In seeking to address these goals, the order targets three issues: 1) wage collusion, 2) employee non-compete clauses “and other clauses or agreements that may unfairly limit worker mobility,” and 3) “unfair occupational licensing restrictions.”3Id. at Section 5. Significantly, the order does not require agencies to issue specific rules but instead “encourage[s]” 1) the DOJ and FTC “to consider” revising the 2016 Antitrust Guidance for Human Resource Professionals (“2016 Guidance”) to combat wage collusion, 2) the FTC to use its rulemaking authority to “curtail the unfair use” of non-compete and related clauses, and 3) the FTC to issue rules to “address” unfair licensing. The Treasury Department’s Office of Economic Policy must issue a report within six months evaluating competition in the labor market.
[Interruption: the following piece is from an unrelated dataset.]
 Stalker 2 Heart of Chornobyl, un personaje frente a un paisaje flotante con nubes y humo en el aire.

Despite the lack of rulemaking mandates, the order comes in the wake of increased antitrust enforcement in the labor market over the last five years, especially with regard to no-poach agreements. Although the order does not specifically call out no-poach agreements, such agreements likely fall within other “agreements that may unfairly limit worker mobility.”
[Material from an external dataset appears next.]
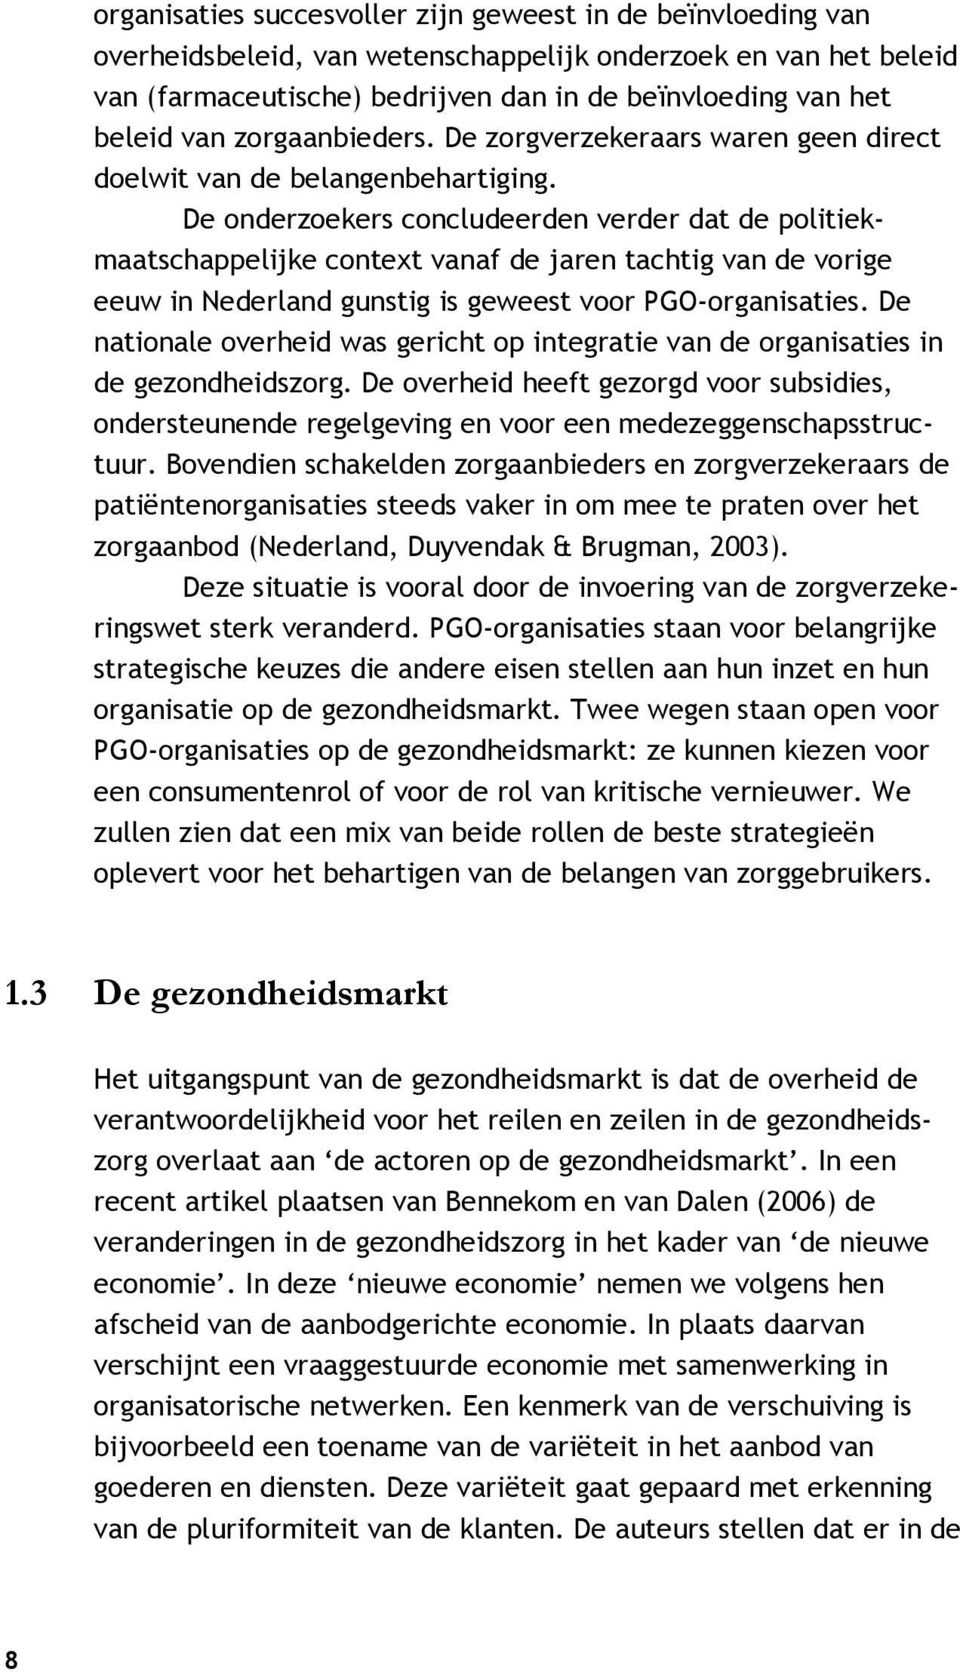 De onderzoekers concludeerden verder dat de politiekmaatschappelijke context vanaf de jaren tachtig van de vorige eeuw in Nederland gunstig is geweest voor PGO-organisaties.

As described in prior King & Spalding client alerts about DOJ’s first and second no-poach investigations and first criminal wage-fixing complaint, the 2016 Guidance promised to prosecute “naked” no-poach agreements. DOJ also entered civil lawsuits, filed amicus briefs in private suits, and issued the first criminal no-poach indictment in 2020.
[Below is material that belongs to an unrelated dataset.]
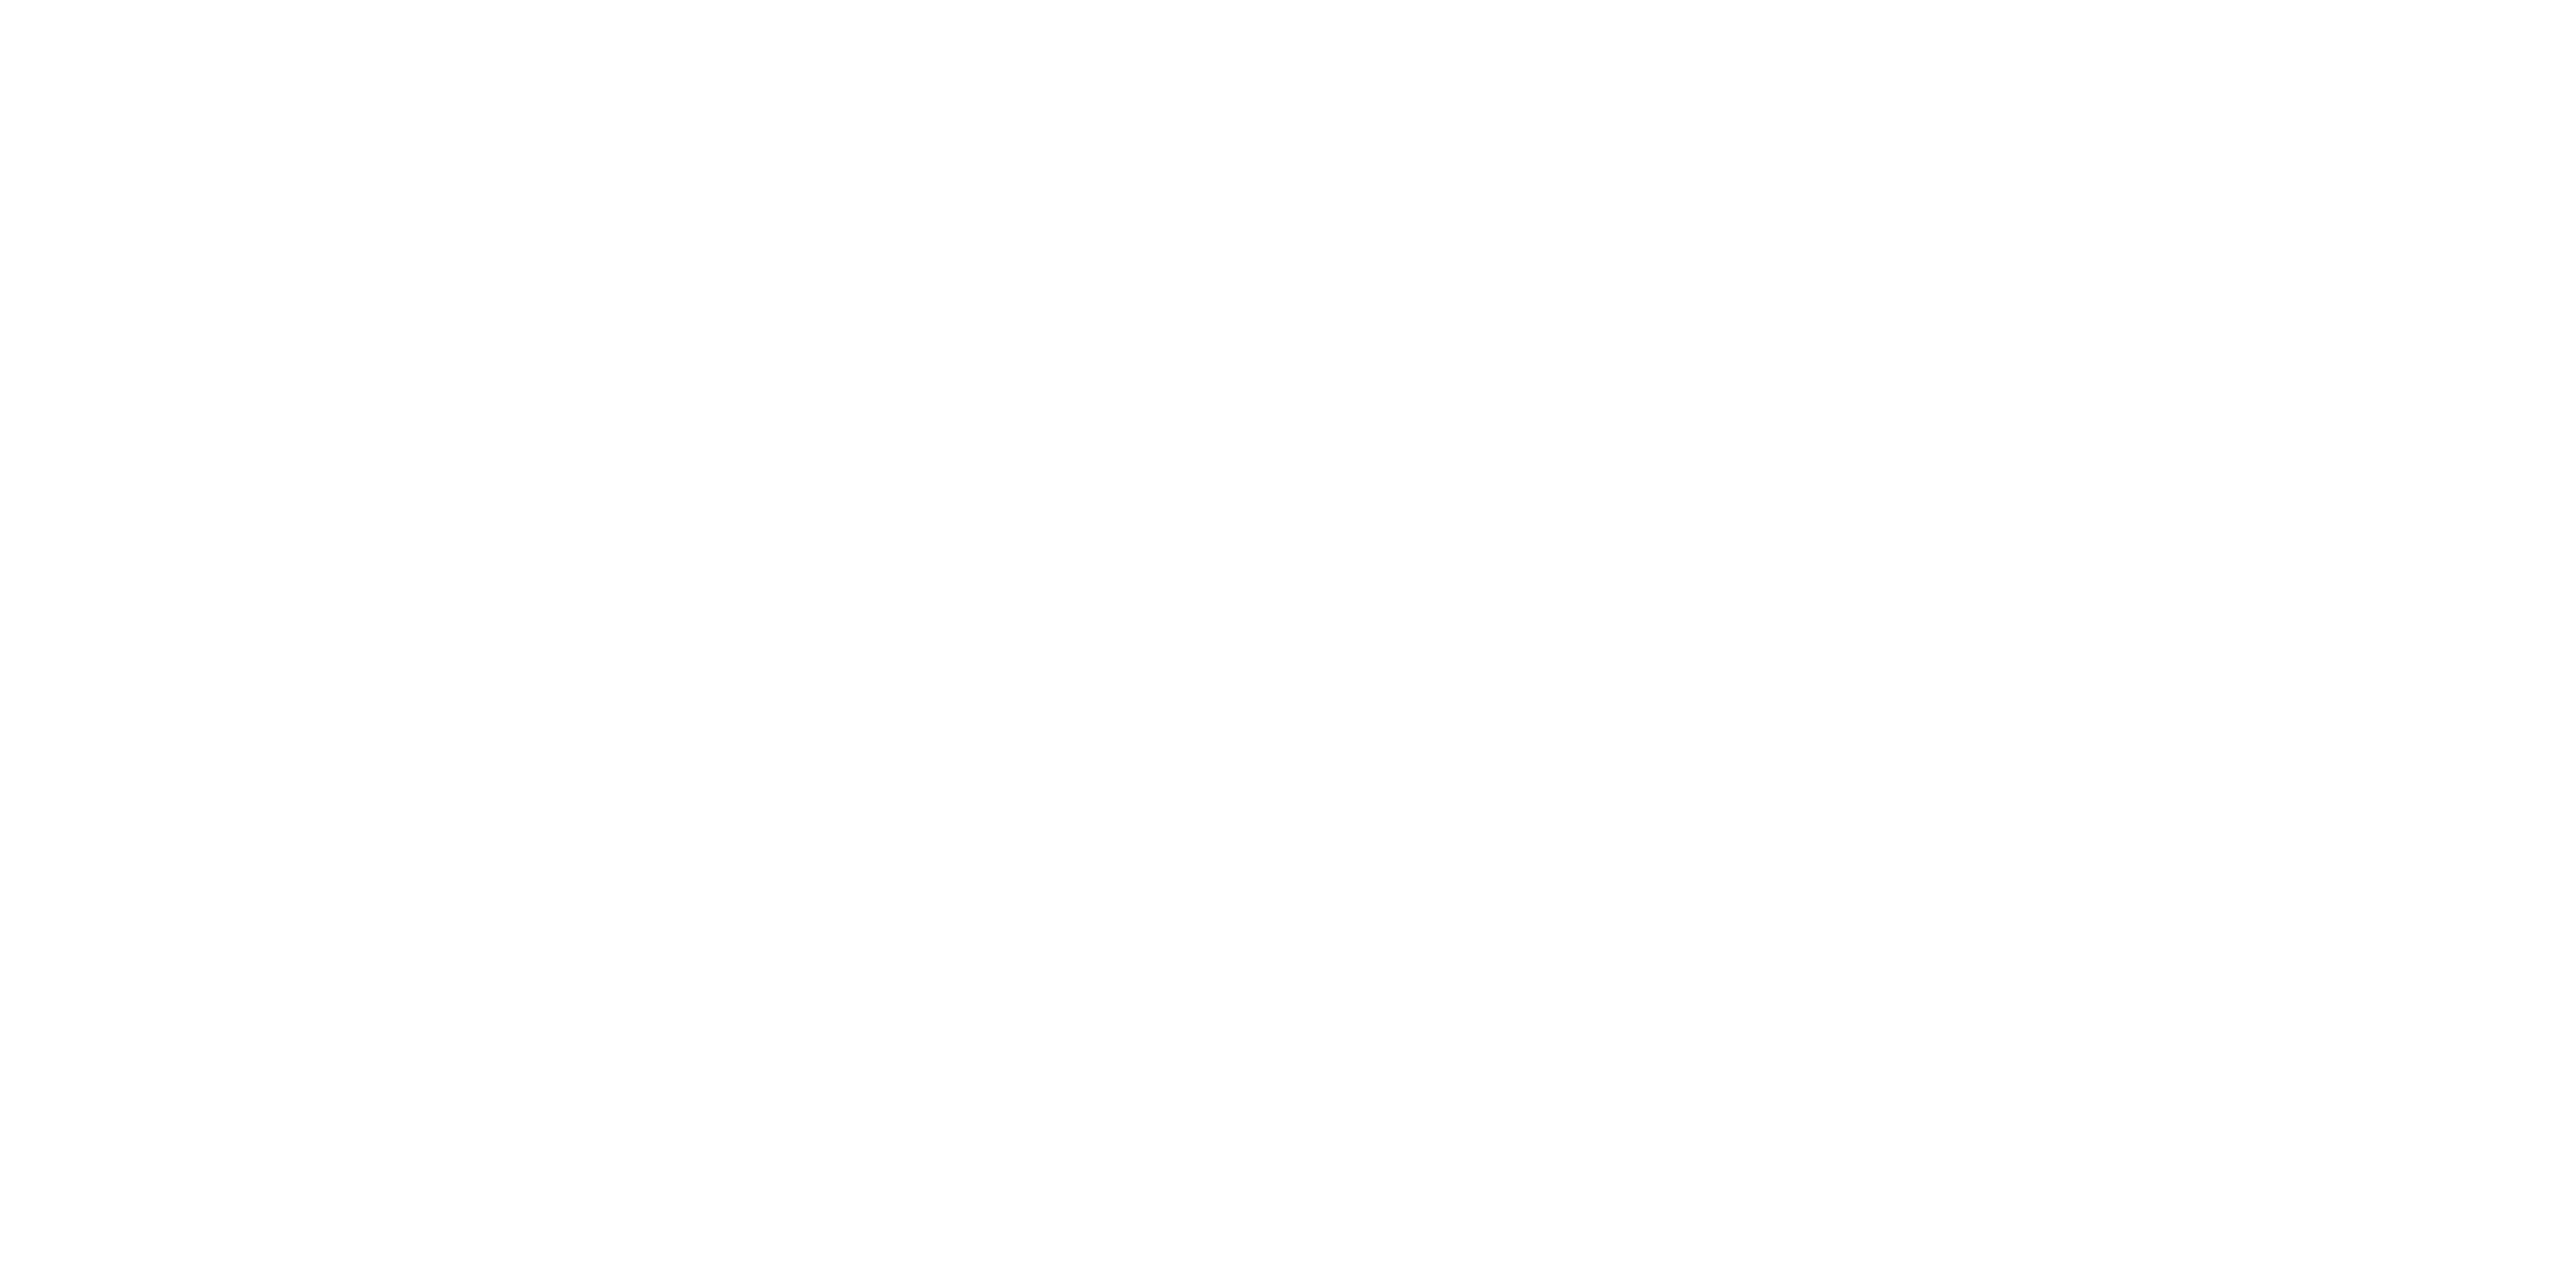 23 Restaurant Services Logo

The impact of the order on the use of labor markets remains to be seen. Federal oversight of non-compete clauses and other restrictive covenants would represent a significant change; historically, states have regulated such employment clauses. In addition, although the FTC does have rulemaking authority, it rarely exercises it. Nevertheless, the current Commission, headed by recently appointed Chair Lina Khan, has signaled that it likely will take a more aggressive overall approach to enforcement, including using its rulemaking powers. The Commission’s withdrawal of the FTC’s 2015 Section 5 enforcement statement may be an initial step in this direction.4The 2015 Statement set forth a more restrictive view of FTC’s Section 5 enforcement authority, significantly reducing standalone Section 5 enforcement actions. See Statement of Chair Lina M. Khan Joined by Commissioner Rohit Chopra and Commissioner Rebecca Kelly Slaughter on the Withdrawal of the Statement of Enforcement Principles Regarding “Unfair Methods of Competition” Under Section 5 of the FTC Act, available at https://www.ftc.gov/system/files/documents/public_statements/1591498/final_statement_of_chair_khan_joined_by_rc_and_rks_on_section_5_0.pdf.
Given this uncertainty, employers should begin reviewing their employment agreements to identify, evaluate, and prioritize non-competes and other restrictive covenants. Employers should continue monitoring FTC and DOJ enforcement actions as well as the scope and direction of the Treasury Department’s labor market report in six months’ time.